Taking TTFX seriously: Can we make common packages faster to load and use

Yeah its totally a time tradeoff, and I hear that this seems like arcane knowledge, maybe it is. Maybe Julia packages are just doomed to be slow until we have first class glue packages and a compile cache.

I some cases I do think its worth trying seriously once to tune in what the problems are so you can generally get it right afterwards. After doing this for 10 packages or so there are patterns… its nearly always Requires.jl and type instability. That was my approach to Interact.jl on the weekend, and it has 5x faster TTFX from just that. Blink.jl is harder, because the design problem is harder to solve. But it is generally possible to do in a systematic way.

You dont have to tune random functions, only those showing time in the profile. Although also e.g. fixing unstable struct fields can just improve things a little bit everywhere they are used.

3 Likes

Out of curiosity, there is this workshop from JuliaCon 2021.

So far, I haven’t found the motivation to work through this. Are those tips & tricks explained there? Is it worth it to watch and to understand the difficulties going on?

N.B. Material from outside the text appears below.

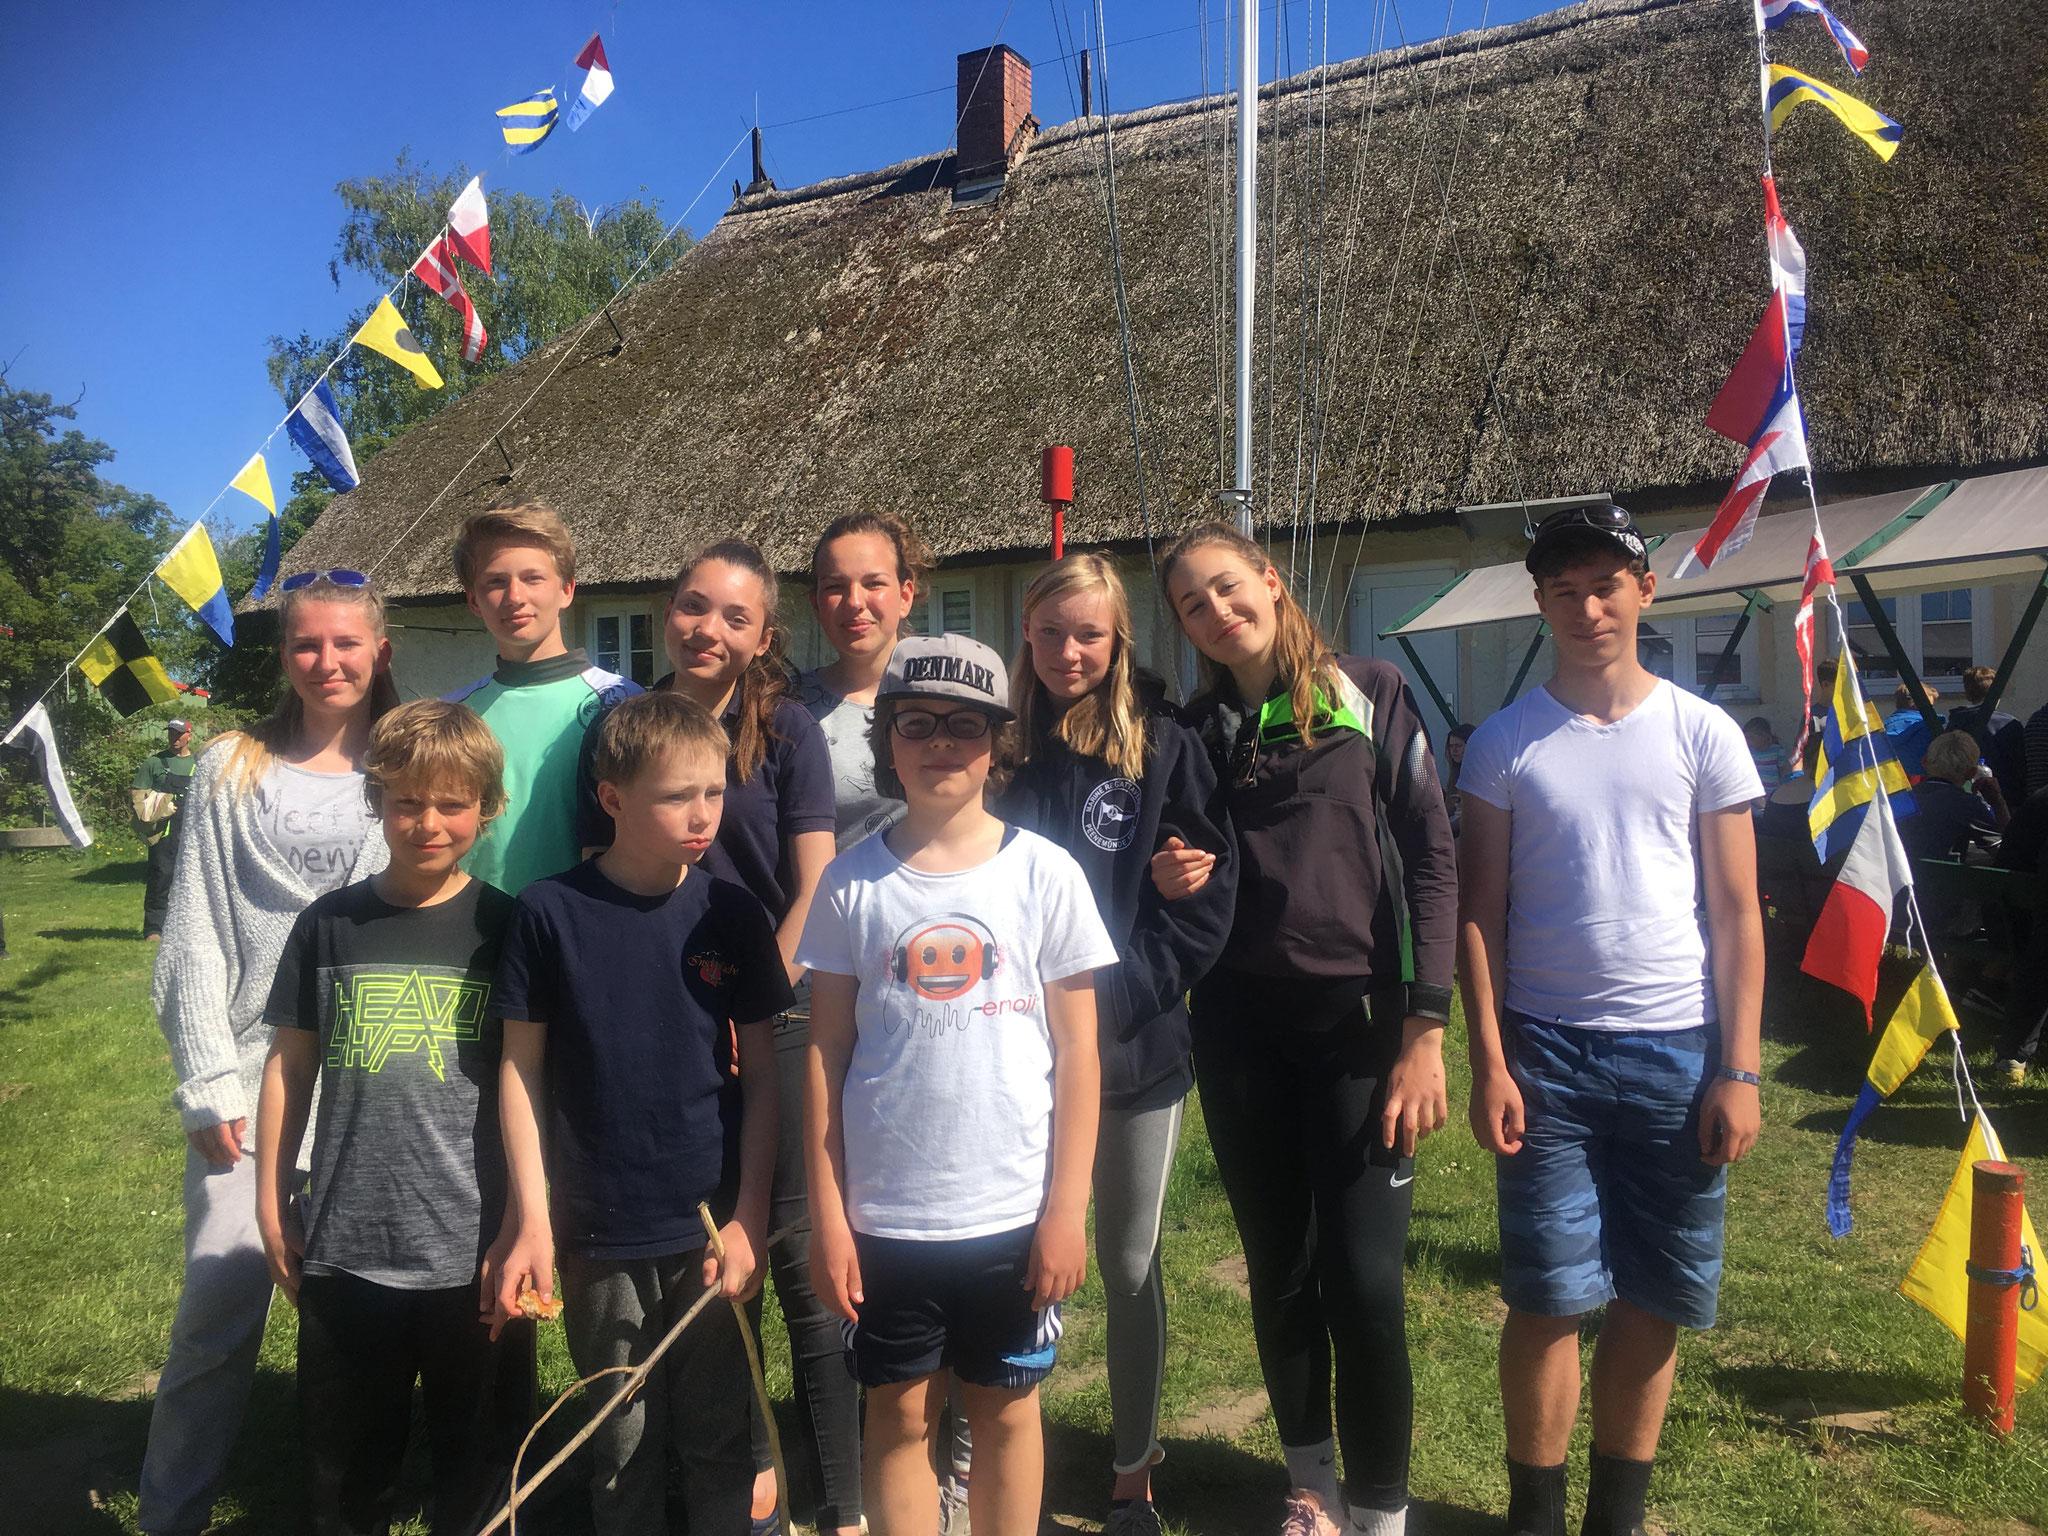 """Unsere """"Crew"""" nach der Siegerehrung in Greifswald"""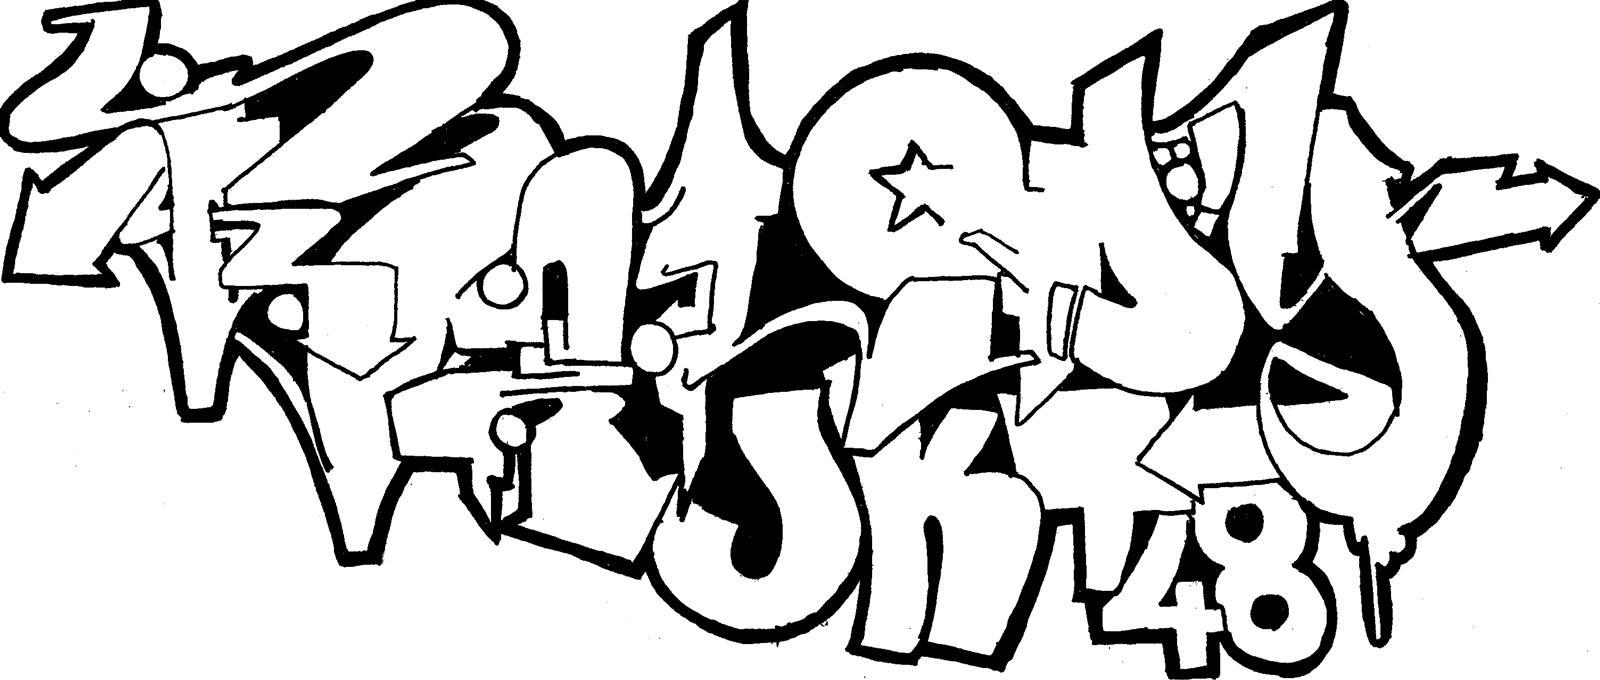 Yuk pacu kreatifitasmu dengan mewarnai sketsa graffiti ini Unduh resolusi besar gambar ini disini Thanks

Edit: oops, there also seems to be a shorter/different one: https://youtu.be/rVBgrWYKLHY

1 Like

@antoine-levitt I didn’t look at your code, so I’m sorry if this doesn’t help. Do you happen to use StaticArrays.jl quite a bit? We experienced significant compilation latency for not-very-small static arrays, see https://github.com/trixi-framework/Trixi.jl/issues/516. We could fix that without decreasing runtime efficiency by switching to plain arrays in our case (see the PR linked in the issue above).

Thanks, that’s helpful! We only use static arrays for points and matrices in R^3, and the part of the code that takes a large TTFX is not the one that uses them, so I don’t think that’s the issue.

Maybe we can turn this discussion into a crowdsourced list of tips, and put that in a pinned thread or something? Here’s what I’ve gotten from this discussion, feel free to correct or add to it.

Don’t use large StaticArrays

https://github.com/trixi-framework/Trixi.jl/issues/516

Don’t use Requires

Enclosed code cannot be precompiled.

Careful about type instabilities

(this one is not clear to me)

Trigger precompilation in your package module

Call functions that don’t have a side effect. Use precompile on those that do. Info on the internet about __precompile__ is outdated, don’t use it.

Avoid invalidations

Profile your first run

Sometimes you get useful information out of it. SnoopCompile also gives a potentially more helpful view.

Use @nospecialize to disable inference of a particular argument

“use it when a function is called multiple times with different argument types, compiling that function is expensive but specialising on argument types does not have a significant impact on run-time performance” When should we use `@nospecialize`?

16 Likes

That sounds good to me :+1:

Thats a good list. Type instability causes long load times (in my understanding) largely because:

a. the code for handling boxed variables is much more complicated than for e.g a known Int. So it takes longer to compile.
b. The julia compiler tries really hard to resolve types. If your function is simple and type stable, this is very fast. But we can see that the towers of abstractinterpretation.jl type inference function calls often take most of the load time. Often these disappear with simple type stable code. This is probably slightly wrong, but someone who works on the compiler can maybe explain this more…
c: the compiler is more likely to precompile the right methods if everything is type stable, instead of random things you don’t actually use: Why isn't `size` always inferred to be an Integer? - #22 by mbauman

But the fact that removing type instability reduces load time isnt controversial at all, although definately misunderstood… every PR linked in this thread does that.

3 Likes

Good to know, but it’s entirely unclear to me it needs to be that way. The good thing, is that you often want to fix type instabilities anyway, since your code will be faster, and gets rid of allocations, thus less of (or no) GC pressure. It’s just unclear why such code can’t be precompiled. E.g. code in C with malloc can be compiled… I guess it’s just a matter of priorities for the compiler people, since you want to get rid of this inefficiency anyway. And I guess you mean it just breaks precompilation with that specific code (if you’re actually correct), not the whole module?!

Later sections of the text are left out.